Abstract
Agile management has emerged as a critical paradigm for sustaining innovation and adaptability in dynamic entrepreneurial environments. This study employs an unsupervised machine learning framework to identify data-driven archetypes of agile management among 5,000 successful startups, utilizing the publicly available Startup Failure Prediction Dataset. Unlike traditional predictive models that classify startups as successful or failed, this research focuses exclusively on successful ventures to explore internal variations in agility and operational strategy. The methodological pipeline comprised four key stages: data preprocessing using Min–Max scaling, dimensionality reduction through Principal Component Analysis (PCA), clustering via the K-Means algorithm, and post-hoc interpretation of cluster profiles. Optimal clustering was achieved with k = 4, validated using the Silhouette Coefficient. The resulting clusters—Innovative-Stable Performers, Lean-Traditional Operators, Agile-High-Innovation Leaders, and Resource-Intensive Scalers—exhibited distinct financial, structural, and innovation-related characteristics. Cluster 2 (Agile-High-Innovation Leaders) demonstrated the strongest innovation capability and customer retention, while Cluster 3 (Resource-Intensive Scalers) emphasized growth through capital intensity and larger teams. Findings reveal that agile management practices among startups are not homogeneous but multidimensional, reflecting diverse strategic equilibria between innovation, resource efficiency, and experiential learning.

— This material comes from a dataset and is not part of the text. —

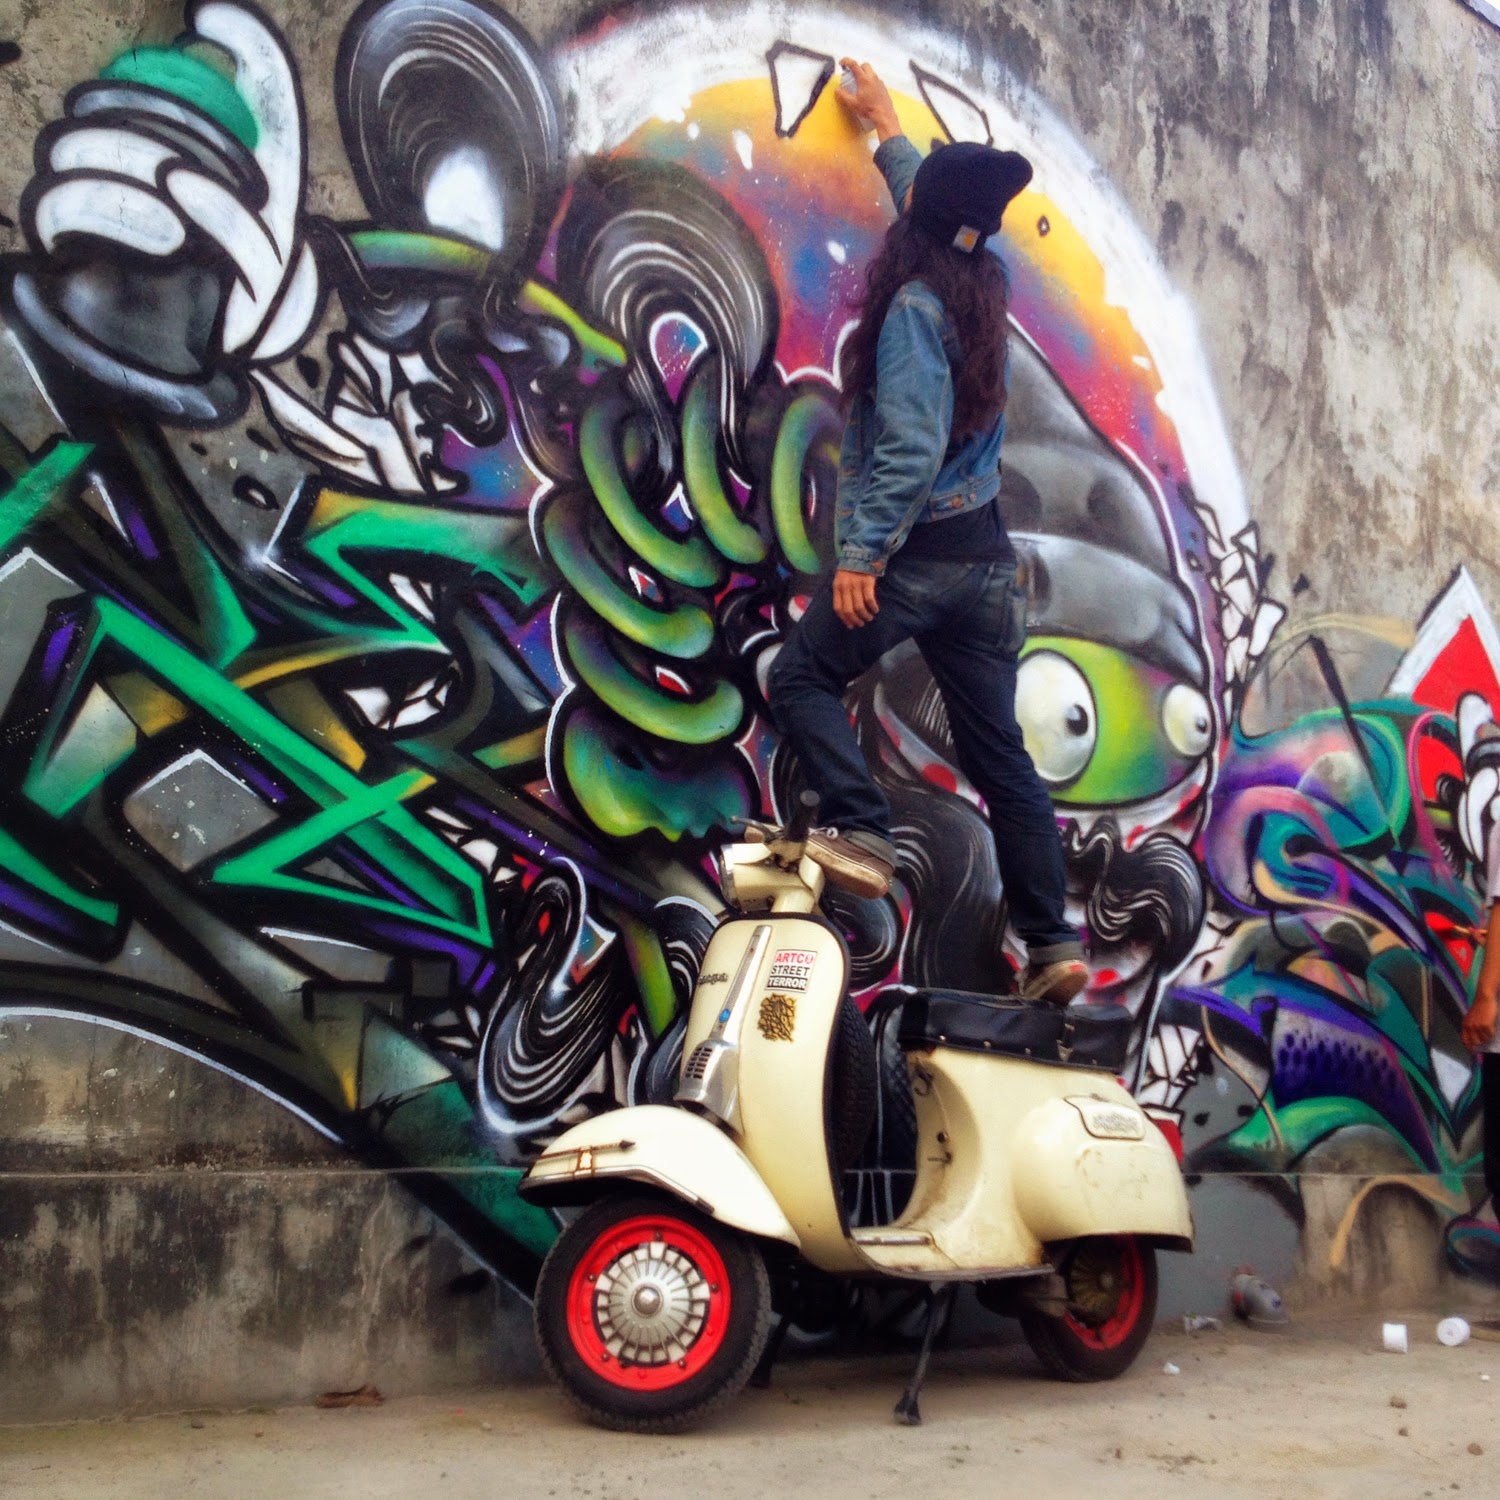 TUYULOVEME seniman graffiti senior Yogyakarta sedang beraksi diatas Vespanya

The study provides empirical evidence that agility manifests through multiple viable pathways—ranging from lean innovation to scale-oriented execution—each corresponding to different configurations of financial and human capital. The research contributes to both management theory and data science by demonstrating how unsupervised learning can empirically derive typologies of agile behavior, thereby bridging the gap between computational modeling and organizational studies.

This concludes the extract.